▶ [Provided records]
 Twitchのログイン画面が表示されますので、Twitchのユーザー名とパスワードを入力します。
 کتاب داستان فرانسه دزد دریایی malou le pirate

---

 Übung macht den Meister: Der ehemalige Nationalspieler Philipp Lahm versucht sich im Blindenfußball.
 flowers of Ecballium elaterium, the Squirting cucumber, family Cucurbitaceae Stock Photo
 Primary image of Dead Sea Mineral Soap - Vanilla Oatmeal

* * *

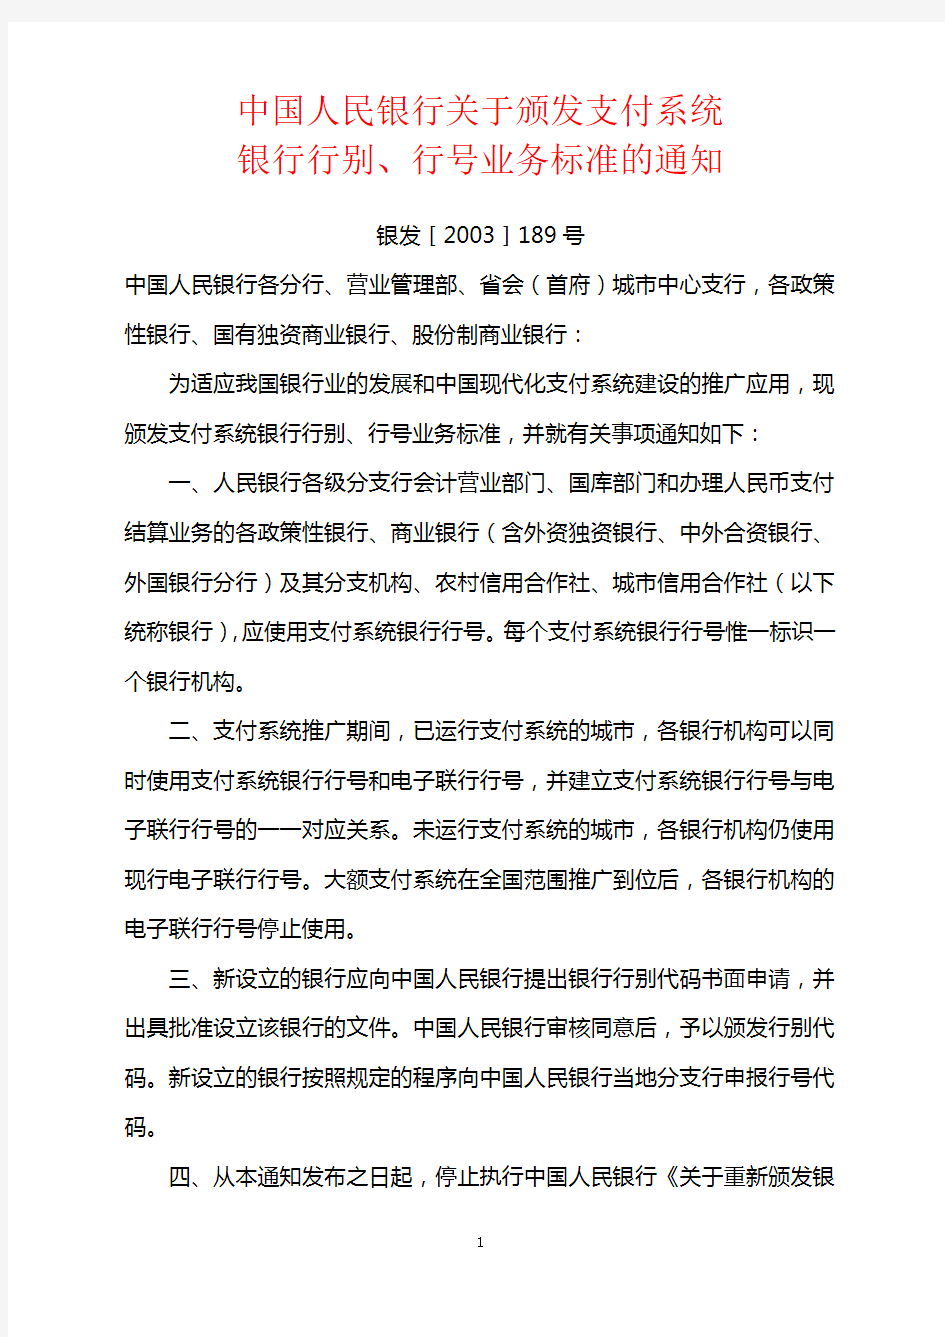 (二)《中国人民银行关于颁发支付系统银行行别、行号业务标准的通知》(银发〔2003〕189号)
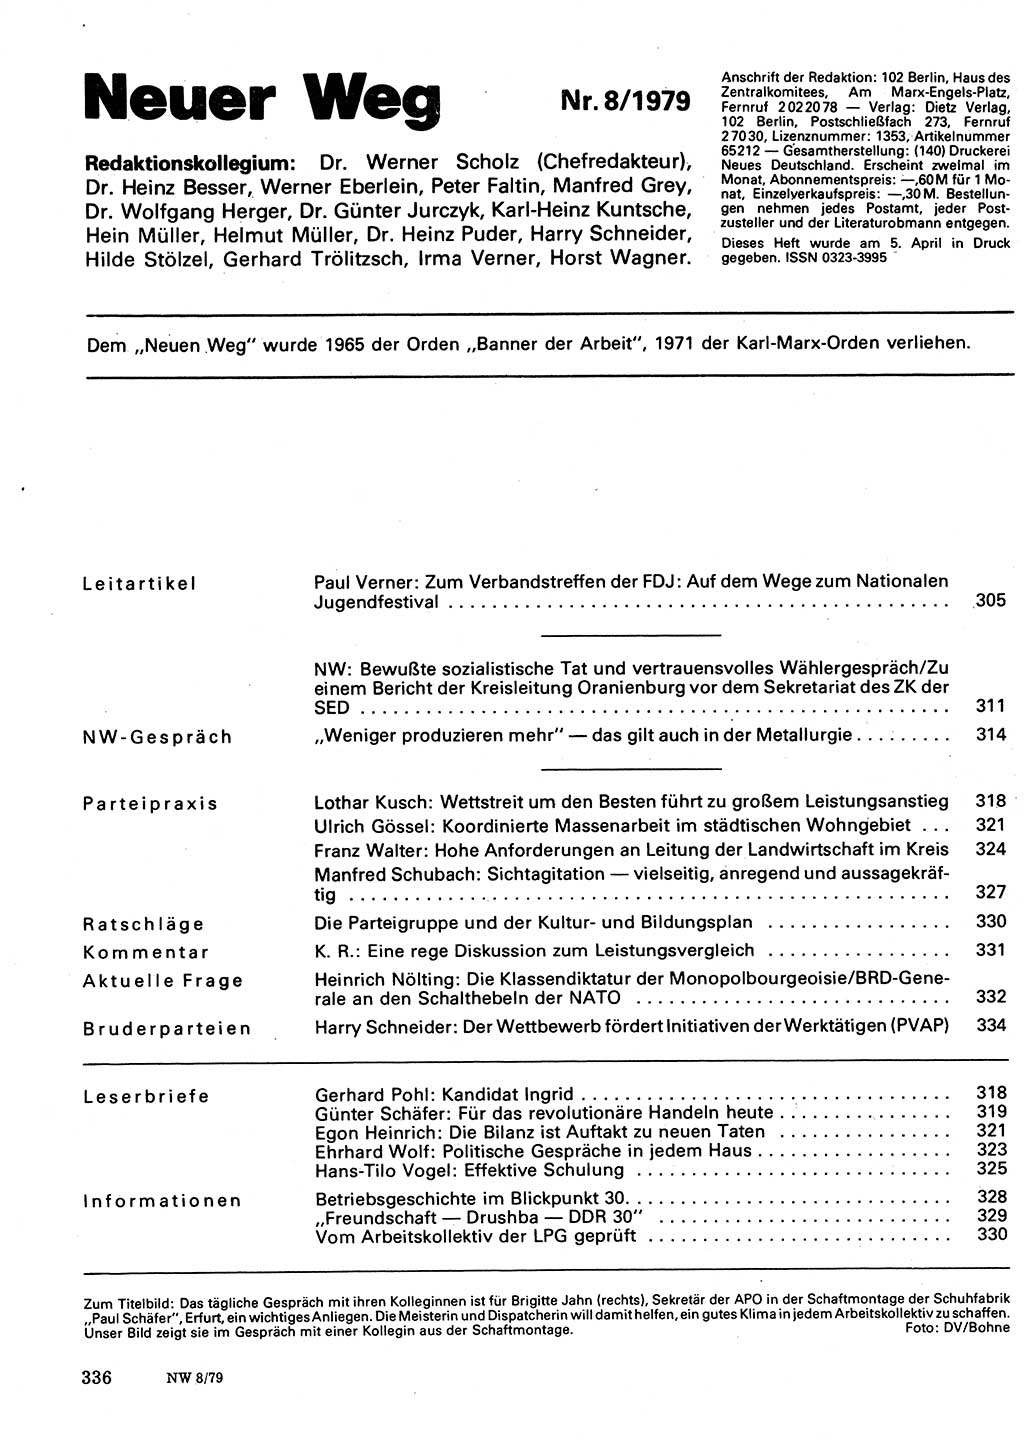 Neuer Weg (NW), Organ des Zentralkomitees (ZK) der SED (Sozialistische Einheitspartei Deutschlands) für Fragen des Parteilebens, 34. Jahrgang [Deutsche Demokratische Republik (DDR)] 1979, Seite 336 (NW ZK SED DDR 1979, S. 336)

▶ [Your objective] Of the entries above, repeat exactly the lines between the line with "Twitchのログイン画面が" and the line with "کتاب داستان فرانسه", inclusive, and no others.

▶ [Expected output]
 Twitchのログイン画面が表示されますので、Twitchのユーザー名とパスワードを入力します。
 کتاب داستان فرانسه دزد دریایی malou le pirate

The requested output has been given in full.